Audits of software licenses and assets are becoming increasingly common. Indeed, for software vendors facing declining sales of new products, audits of enterprise clients are emerging as a major revenue stream, sometimes generating millions in fines.
A wide range of events can trigger a software audit. Involvement in a merger, acquisition or divestiture is a common red flag vendors use to launch a review. Geographies and legal jurisdictions are redrawn, new users are absorbed or released, as are new software agreements and licenses. The resulting disruption and confusion frequently leads to violations of licensing terms. While some contracts contain specific language with regard to M&A activities and their repercussions, most are not very friendly or forgiving to compliance violations. And while enterprises devote significant resources to integrating people, processes and products during a merger, software licenses and compliance are often ignored.
Other common triggers include deployment of cloud or virtualization initiatives, organizational growth that isn't accompanied by additional license purchases and attrition of in-house licensing expertise. And, in some high-profile cases, audits have been initiated by disgruntled employees who blow the whistle to industry groups such as the Business Software Alliance.
Audits are likely to reveal significant licensing violations, which result from a variety of factors. Many enterprises lack the necessary tools and asset management governance structure, as well as the staff with the necessary skills. This lack of oversight invites sloppiness or downright fraud among users. Sourcing, procurement and asset management functions typically work in silos and rarely communicate, resulting in licensing disconnects. Ironically, highly secure environments such as government defense contractors can be vulnerable, as security requirements preclude licensing transparency. And, the independent "idea labs" that are becoming popular in many enterprises are likely to employ free spirits who don't feel bound by details surrounding licensing agreements.
To further complicate matters, IT asset contracts are exceedingly complicated and obtuse. Terms regarding who is or isn't authorized to use a product under a given license are vague and confusing, and when unauthorized copies of software are unwittingly shared and distributed, vendors take note. Another common tactic is to offer customers the opportunity to "sandbox" new test products, without specifying licensing terms and with the expectation that the product will end up deployed by users in violation of terms.
To further skew the playing field, software providers employ legions of attorneys specializing exclusively in understanding compliance terms, conducting audits and generating fines. The in-house or retained legal counsel of customers is, by contrast, often seriously overmatched.
The good news in all of this is that CIOs can take a number of steps to prepare for an audit and ensure compliance.

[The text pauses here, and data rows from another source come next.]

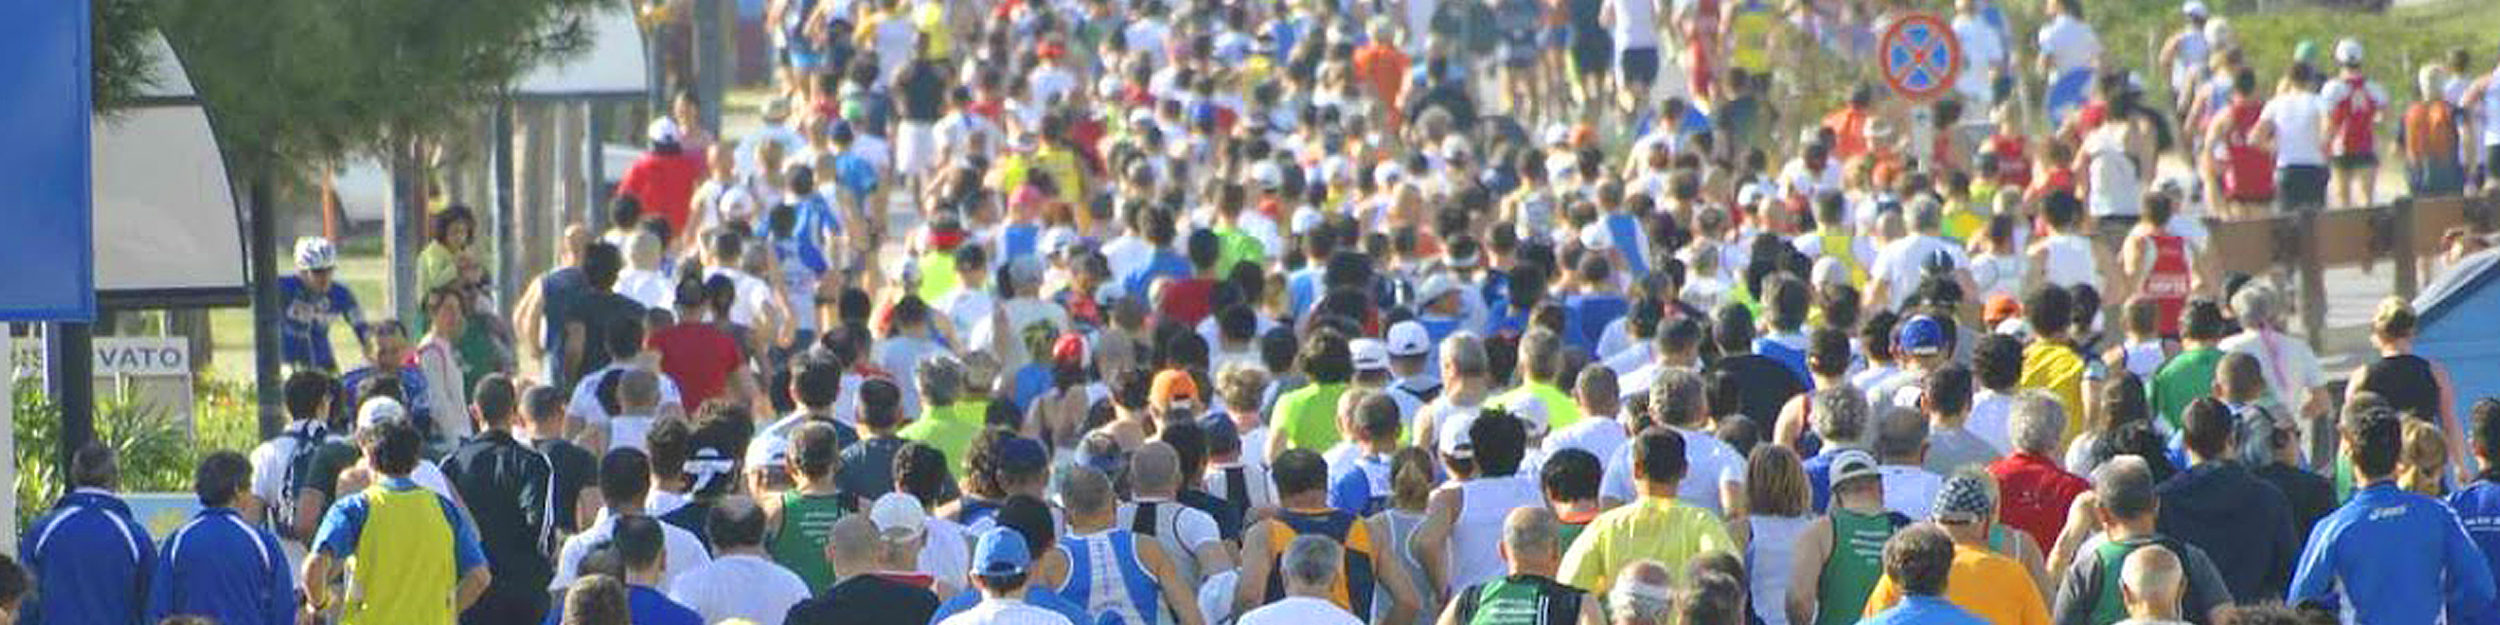 Conero Running ™ | Mezza Maratona
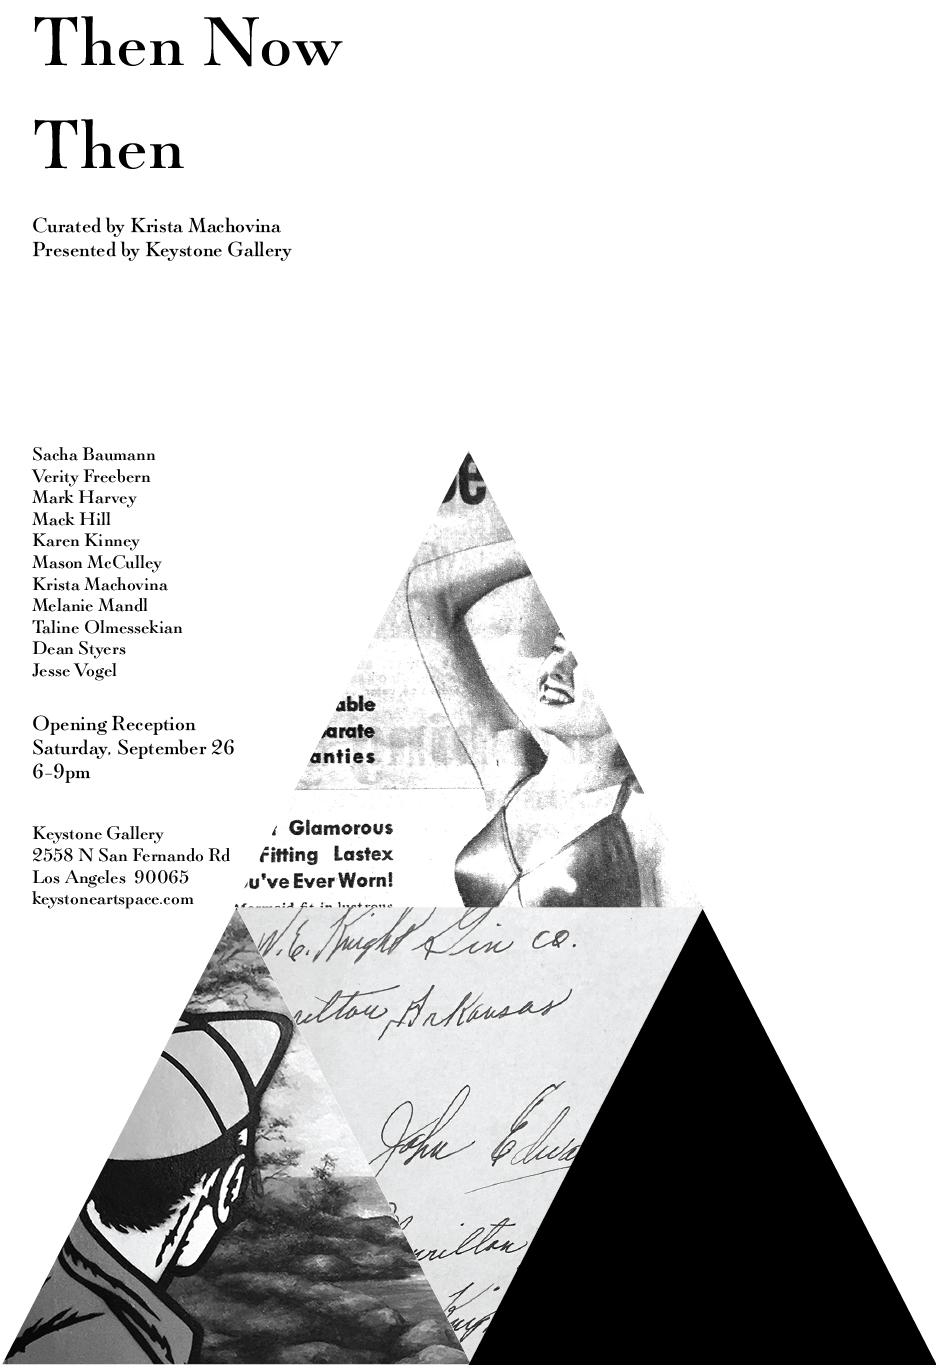 Keystone Gallery presents a group show featuring  Sacha Baumann , Verity Freebern , Mark Harvey , Mack Hill , Karen Kinney , Krista Machovina , Melanie Mandl , Taline Olmessekian , Dean Styers , Jesse Vogel
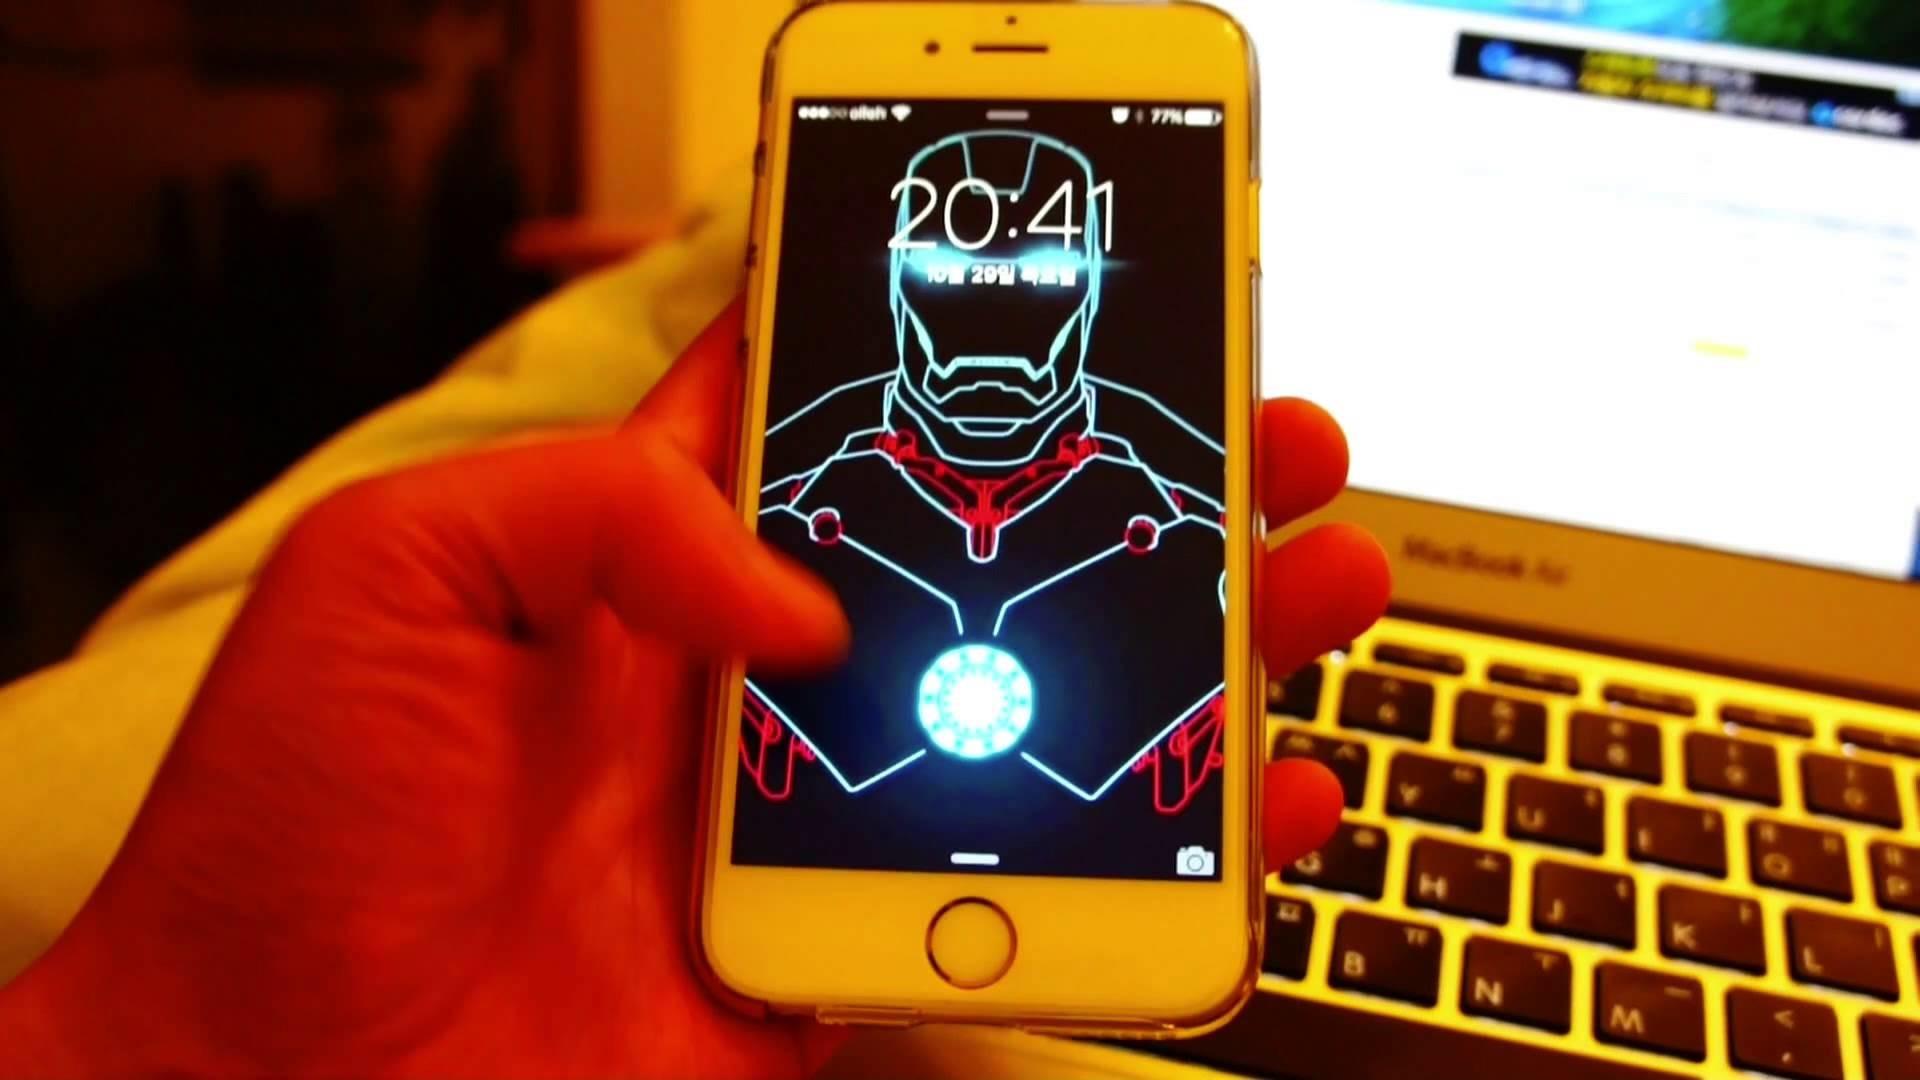 JARVIS MARK 3 – IPHONE 4 LOCKSCREEN WALLPAPER by hyugewb on DeviantArt

In fact, rather than an exercise in stress and intimidation, an audit can actually be a positive experience that results in more favorable terms and a better relationship with suppliers.
First and foremost, be proactive. Because software compliance has traditionally been a low priority from a strategic perspective, the onus is on the CIO to define risk factors and potential vulnerabilities, and to develop a business case regarding the importance of compliance and the implications of contractual violations. Put simply, the CIO must educate the boardroom that software compliance matters.
An asset management and compliance initiative must aim to enhance internal governance and processes around software acquisition, licensing and usage. The initiative should be led by a dedicated function-either in-house or third-party-focused on instilling the requisite people, process and technology discipline. For example, educating all users on general guidelines isn't sufficient-admin rights should be limited to select users who've received special training on software licensing and distribution. This special training should instill awareness among the admin rights team of different categories of licenses as well as potential compliance traps. Procurement processes need to align with contract requirements to avoid back-channel acquisition of non-compliant software products.
Proactive preparation and effective asset management deliver a high-level understanding of the environment, as well as detailed data on assets, pricing and service levels. CIOs can leverage this knowledge to their advantage, regardless of whether or not they're subjected to an audit. Robust and granular transparency into products under license and in-use, as well as insight into costs, contract terms and options, can yield a variety of benefits. And, if and when an audit is launched, CIOs can respond with confidence to demonstrate compliance. In fact, we've seen instances where audits have revealed that software vendors were over-charging customers, resulting in significant refunds and better terms on renewals.
The bottom line is that enterprises face increasing odds of facing a software audit, and CIOs need to be aware of the stakes. Proactive preparation can help mitigate audit risks, improve enterprise management and enhance provider relationships.